Topik lainnya terkait masa depan Ketua Fed Jerome Powell, yang akan mundur dari pucuk pimpinan bank sentral pada Mei, tetapi belum mengindikasikan apakah ia akan meninggalkan komite penetapan suku bunga Fed.
Pilihan Trump untuk menggantikan Powell, yaitu mantan Gubernur Fed Kevin Warsh, belum dikonfirmasi, meskipun hambatan utama mungkin telah dihilangkan pekan lalu ketika Departemen Kehakiman mengatakan akan menutup penyelidikan terhadap Powell terkait biaya renovasi kantor pusat The Fed.
- Pengumuman ECB, BOE, BOJ
Selain The Fed, lebih banyak keputusan akan dikeluarkan oleh Bank Sentral Eropa, Bank of England, dan Bank of Japan.
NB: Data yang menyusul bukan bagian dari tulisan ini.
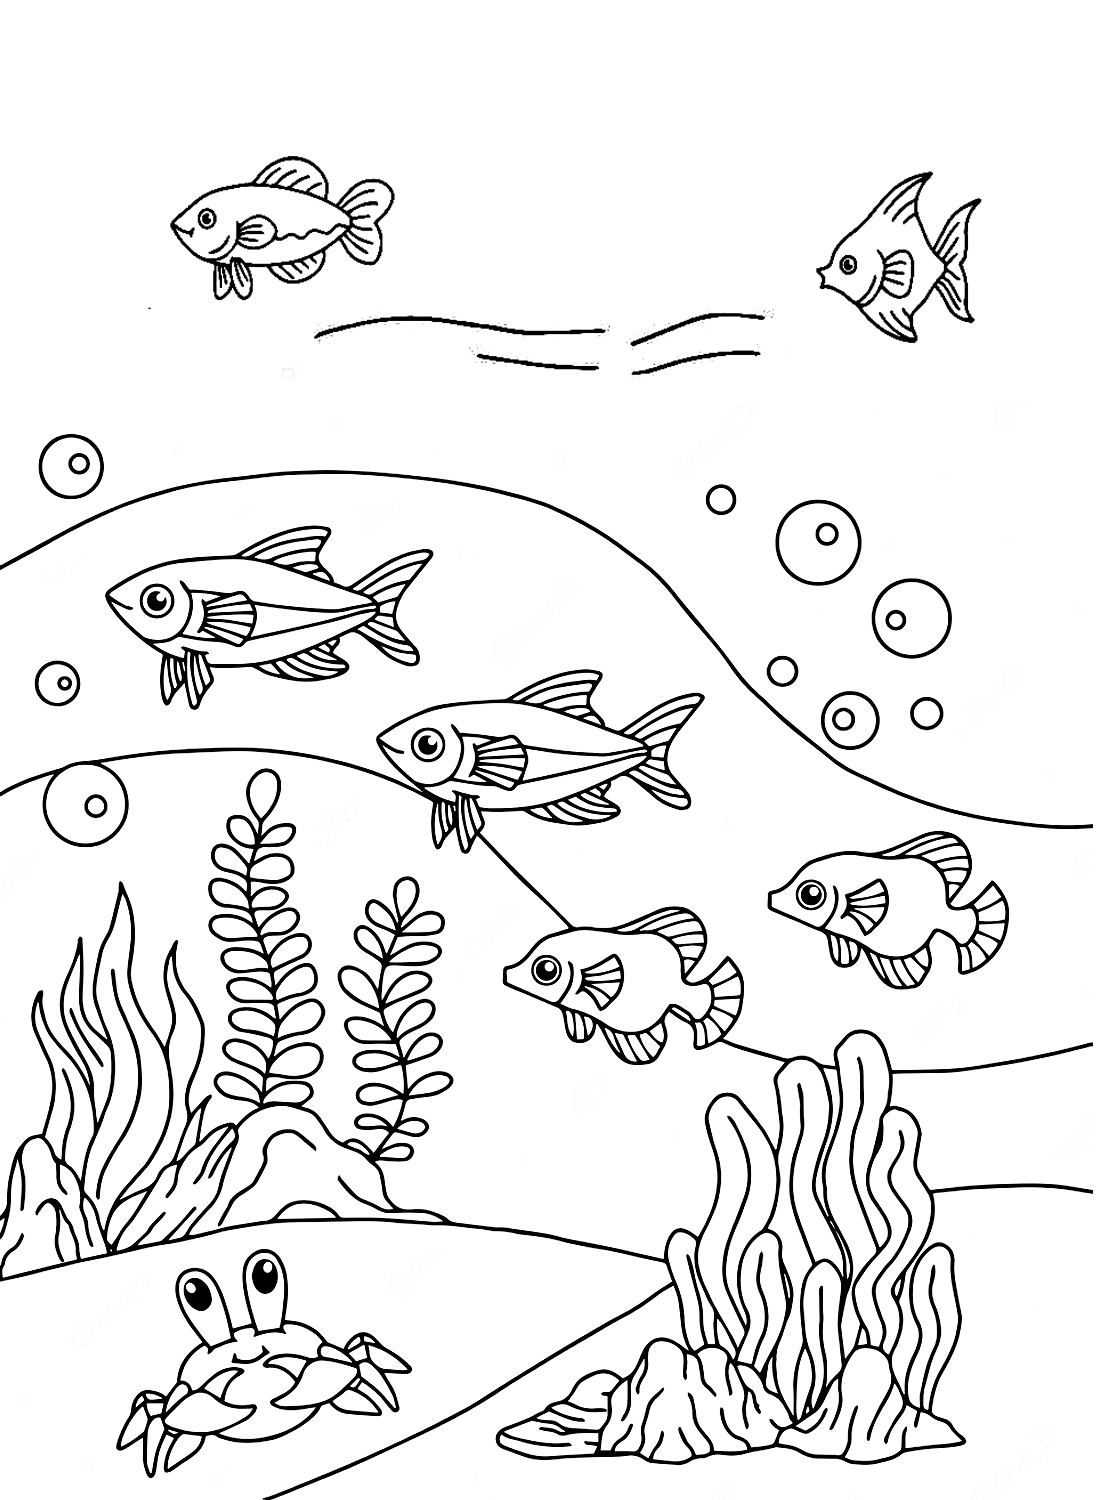 Coral and fishes Coloring Page

ECB sebagian besar diperkirakan mempertahankan suku bunga deposito pada 30 April, tetapi akan menaikkan biaya pinjaman pada Juni dalam upaya untuk mengendalikan tekanan inflasi terkait perang, menurut Reuters.
Sementara itu, BOE diperkirakan akan tetap mempertahankan suku bunga pada Kamis, dengan para pembuat kebijakan mencoba mengukur seberapa besar inflasi dan pertumbuhan akan terpengaruh oleh konflik tersebut. Namun, kenaikan suku bunga mungkin akan terjadi akhir tahun ini, menurut prediksi beberapa investor.
Di Asia, BOJ secara luas diperkirakan akan mempertahankan suku bunga tidak berubah pada akhir pertemuan pada 28 April, meskipun bank sentral dapat mengambil langkah agresif dalam menghadapi tekanan inflasi yang meningkat dan harga minyak yang lebih tinggi.